The Enneagram: the least likely most useful thing I have encountered….

By temperament and culture, I am not given to “new age” thinking. If it came out of California and it isn’t a pair of Levi’s, it starts out with two strikes against it. There are no crystals in my apartment, unless I am indulging a nerd toy of a crystal diode radio (soon to be harder to find, since Radio Shack seems to be circling the corporate debt drain.) We speak Nerd in the Godfrey household, militantly so; bury us with our 20-sided dice.

Perhaps the only inside joke that my children’s mother and I still treasure from our marriage was our disbelief at fellow B&Bers in Canada sitting around the breakfast table talking, in all seriousness, about their “kundalinis rising.” For me, and I think for her, it had about the same level of dramatic irony that pervades the most hilariously indecent of SNL skits, but no one was laughing except me and my then-pregnant then-wife (laughing on the inside, to be polite.) She was at that time religiously conservative, I a secular-minded Nerd, but we found common ground at our near-inability to keep from bursting out laughing hearing our fellow guests holding forth on how their kundalini would rise up from their insides.

It is with this hard-nosed, woo-hostile outlook that I encourage (especially to attorneys) an open mind toward a model of human personality known as the Enneagram of Personality, and to examine the evidence for it and against it.

No single blog post can do justice to this model, but in summary, the model posits nine (Greek: ἐννέα) personality types with certain strengths and weaknesses, very roughly as follows:

  1. The Reformer – someone with a sense of mission (examples: Confucius, Pope John Paul II, Meryl Streep, Jimmy Carter)
  2. The Helper – someone with a desire to be needed by others (examples: Leo Buscaglia, Pope John XXIII, John Denver, Elizabeth Taylor, Dolly Parton, Mother Teresa)
  3. The Achiever – someone ambitious and highly driven for advancement (examples: Augustus Caesar, Muhammad Ali, Bill Clinton, Taylor Swift, Barbra Streisand)
  4. The Individualist – someone sensitive and seeking identity/personal significance (examples: Edgar Allen Poe, Sarah McLachlan, Amy Winehouse, Billie Holliday, Janis Joplin, Marlon Brando, Prince)
  5. The Investigator – someone intensely cerebral, eccentric, isolated (examples: Albert Einstein, Mark Zuckerberg, Bobby Fischer, Ursula LeGuin, Jodie Foster, Jane Goodall)
  6. The Loyalist – someone oriented towards security and relief of anxiety (examples: Chris Rock, Richard Nixon, George H.W. Bush, Dustin Hoffman, Woody Allen, Sally Field, Jennifer Aniston, Ellen DeGeneres)
  7. The Enthusiast – someone extroverted seeking variety and new experiences (examples: Mozart, Richard Branson, Sarah Palin, Bette Midler, Robin Williams, Joe Biden, Timothy Leary)
  8. The Challenger – someone dominating, confrontational and decisive (examples: John Wayne, Dr. Martin Luther King, Jr., Roseanne Barr, Tony Soprano, Humphrey Bogart, Susan Sarandon, Serena Williams)
  9. The Peacemaker – someone easygoing, conflict-averse, supportive (examples: Ronald Reagan, Gerald Ford, Jimmy Stewart, Sophia Loren, Homer Simpson.)

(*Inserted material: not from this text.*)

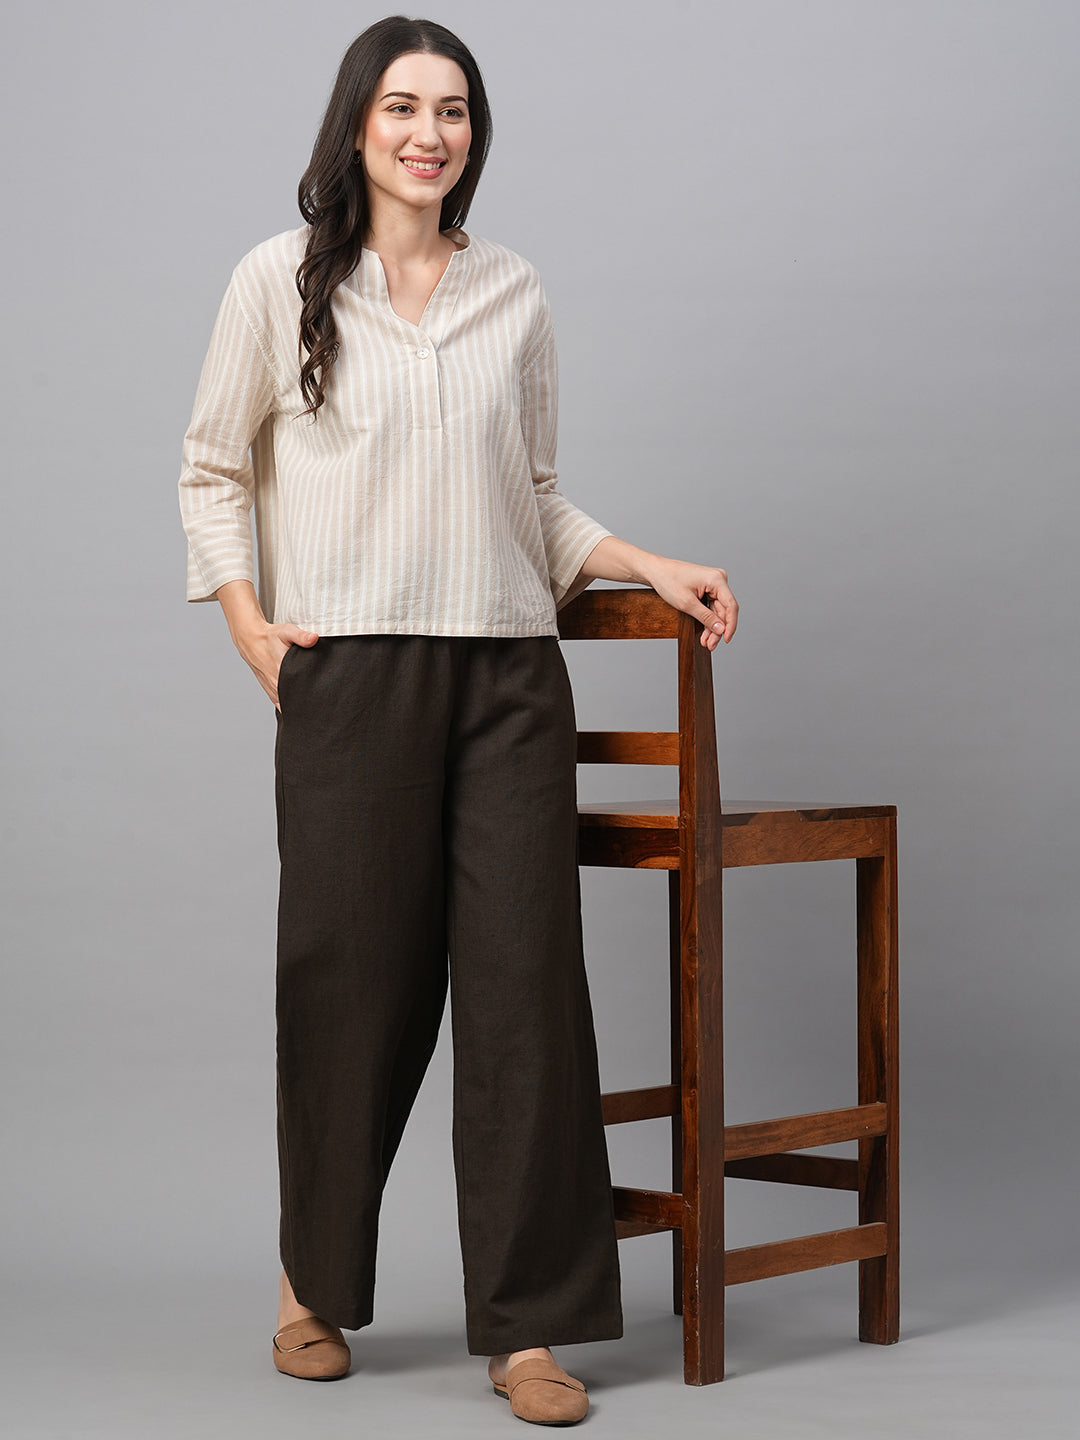 Women's Khaki Cotton Linen Regular Fit Blouse

The nine enneatypes are typically portrayed in relation to each other upon an “enneagram” – a geometrical figure of nine points on a circle connected with nine line segments of uneven lengths, representing the purported tendency of personalities at their highest and lowest points to take on some characteristics of other personalities. In some cases, personalities may be on the frontier between types; the model posits that some people may have a “wing” to any adjacent personality type (example: 5 with a 6 wing.) The personality numbers are arbitrary and are NOT intended to rank the enneatypes.

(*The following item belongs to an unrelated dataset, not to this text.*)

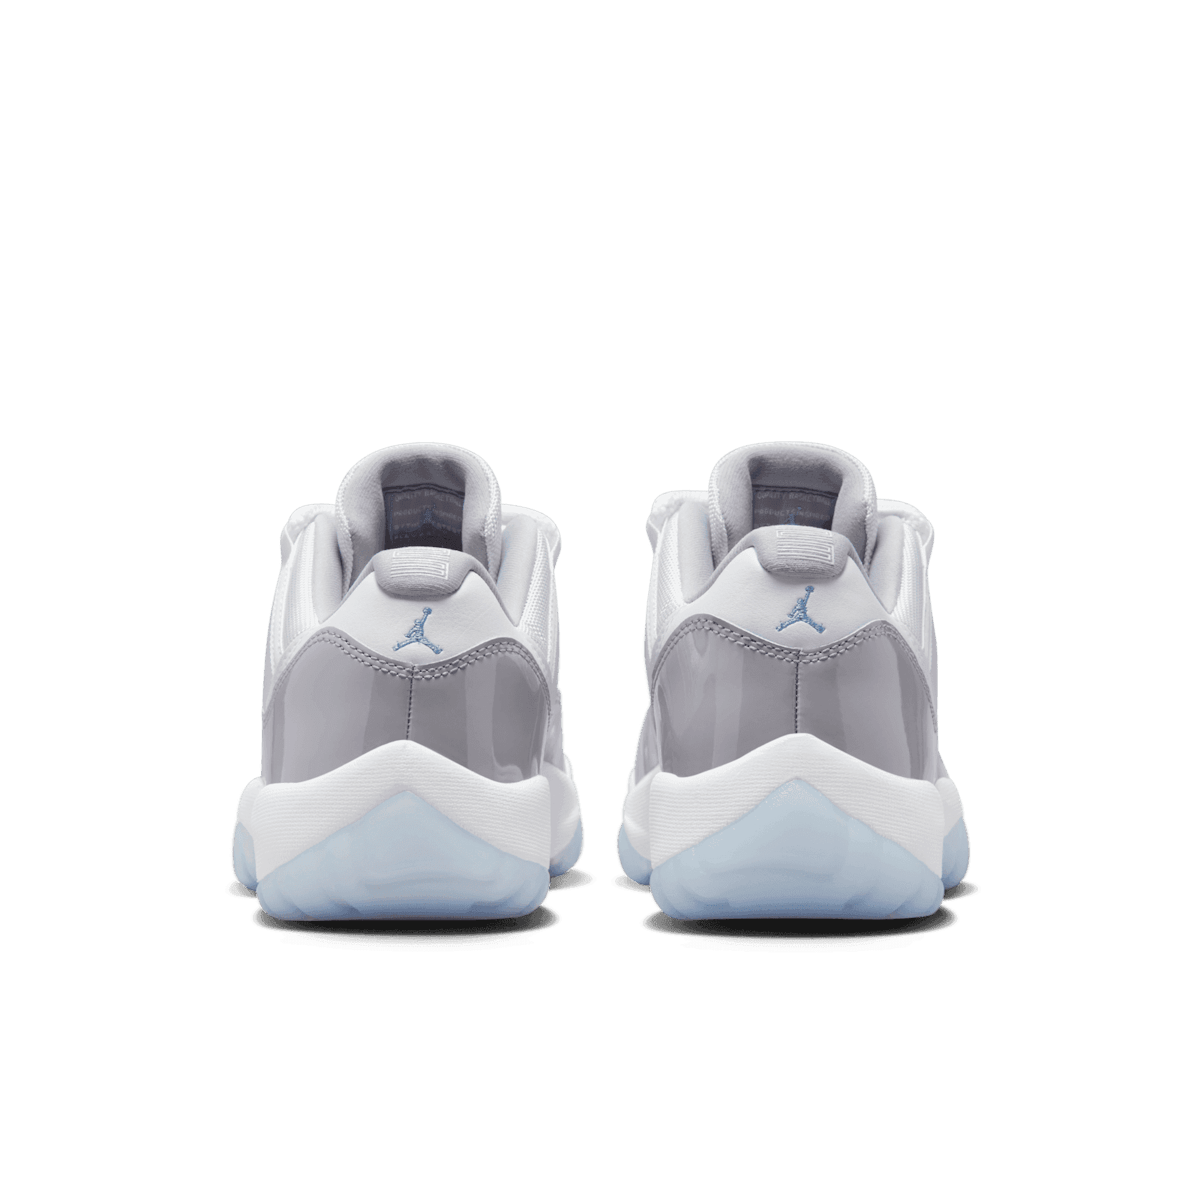 Air Jordan 11 Low Cement Grey Angle 3

The enneagram and its associated personality models are the creations of G.J. Gurdjieff, Oscar Ichazo and Claudio Naranjo. Some have identified the roots of these personality types in early Christian mysticism and, per one account, even within Homer’s Odyssey among the hazards that Odysseus encountered. Those familiar with Catholic theology may be familiar with the concept of “predominant fault” – the tendency of people to do the wrong things again and again.

There is much more to discuss regarding this personality model, but for my purposes I will state that being able to figure out, reasonably quickly, which personality type I am dealing with has helped me immensely to predict conduct and avoid unnecessary conflicts, to be more forgiving of other people in my life and, unexpectedly, of myself as well.  (I am probably 5 or a 5 with “6 wing”, if it matters to the reader.)  For me, it’s a efficient shorthand, comparable to dividing politics into “left” or “right”.

Rather than indulging further discussion here, I would direct inquiring readers to take an enneagram self-test and see what you think of the results. A common result of taking the test and getting the results is something like “Oh God they really did nail me, didn’t they!” But don’t trust me: see for yourself.  Don’t trust me on this; test and see.